Reputation: 1127
I aggregated a data.table by a column, and set that as a key, then was surprised to find that the table still contained duplicated rows. What is the reason for this?
My table was special in that I had two columns with exactly the same values (but had to keep both for a practical reason), and I aggregated the table by one of those.
A simple example:
> library(data.table)
> dat = data.table(
+ class1 = c('a', 'a', 'b'),
+ class2 = c('a', 'a', 'b'),
+ value = 1:3)
> aggr = dat[, list(class2, sum(value)), keyby = class1]

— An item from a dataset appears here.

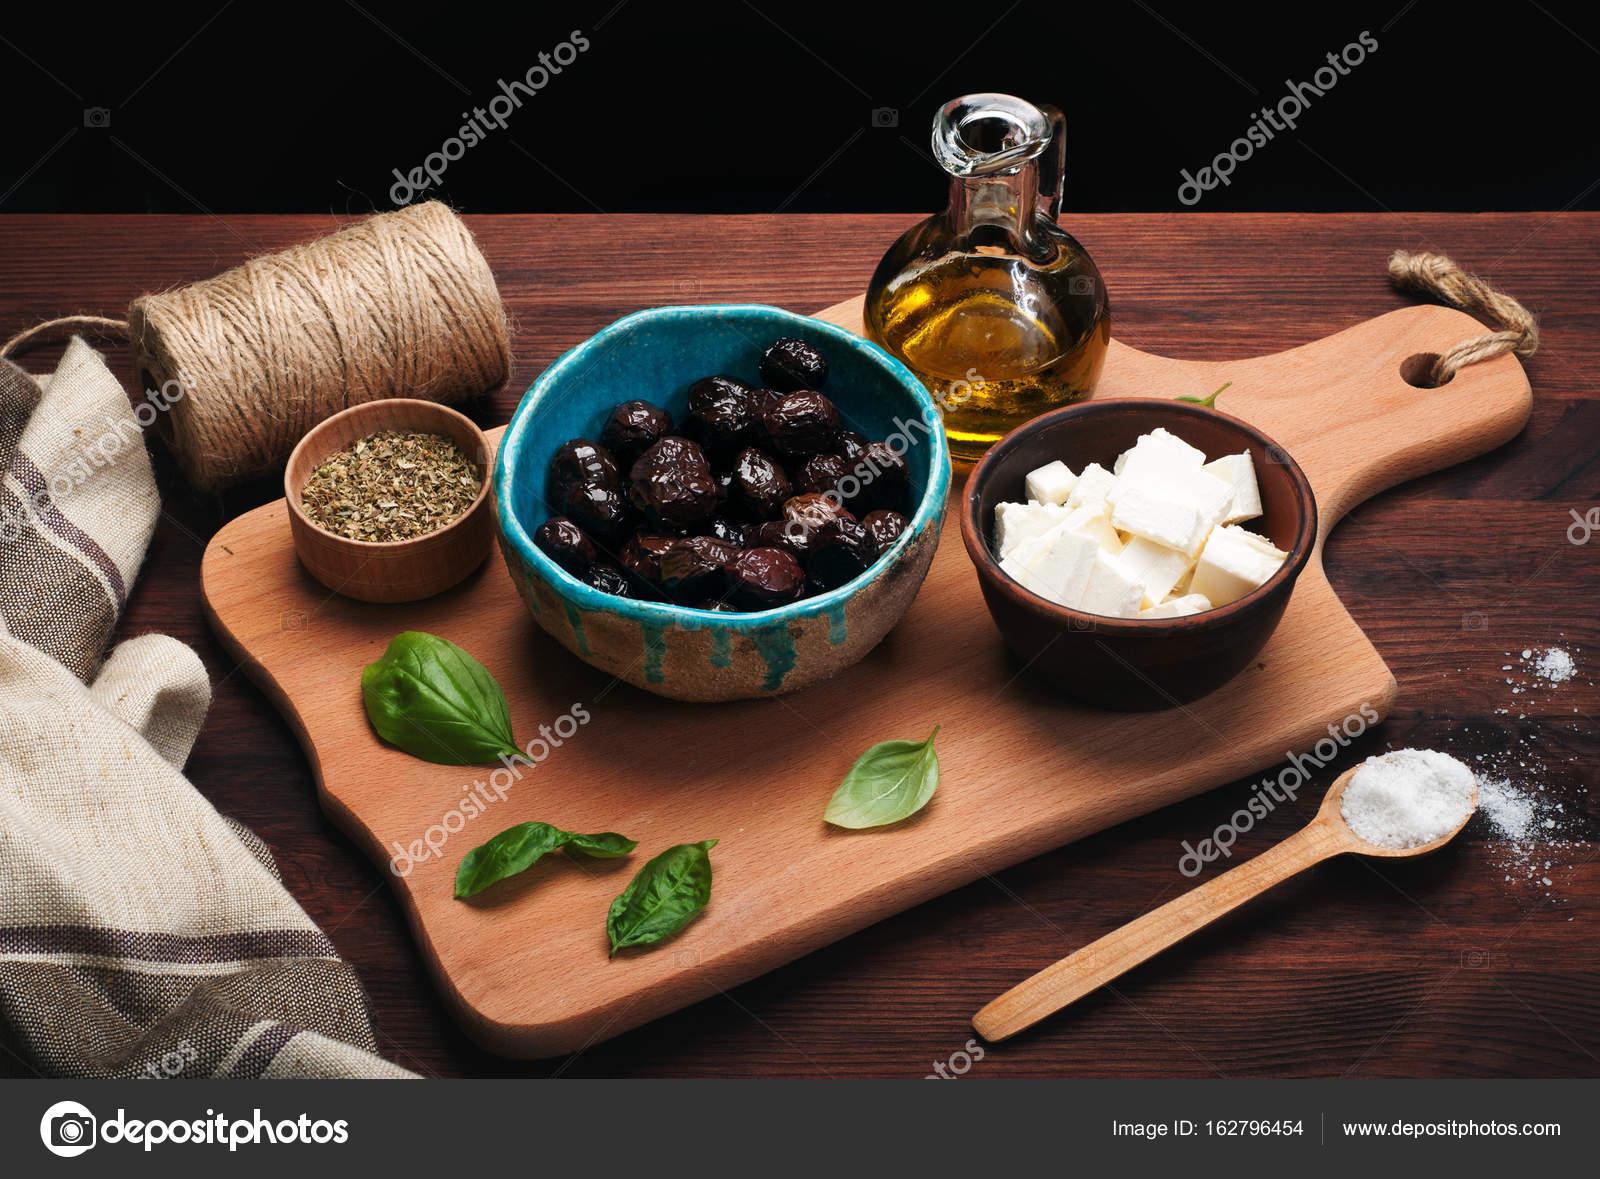 Produkty Kuchni śródziemnomorskiej Suszone Oliwki W Misce

> stopifnot(!any(duplicated(aggr)))
Error: !any(duplicated(aggr)) is not TRUE
Upvotes: 1
Views: 228
Reputation: 1127
If you use an aggregation function for all columns, then you get the expected result, without duplicated rows:
> library(data.table)
> dat = data.table(
+ class1 = c('a', 'a', 'b'),
+ class2 = c('a', 'a', 'b'),
+ value = 1:3)
> aggr = dat[, list(class2[[1]], sum(value)), keyby = class1]
> stopifnot(!any(duplicated(aggr)))
Note that the difference is that I take the first element of the class2
column. Note that any other function that outputs one value works as well.
Upvotes: 1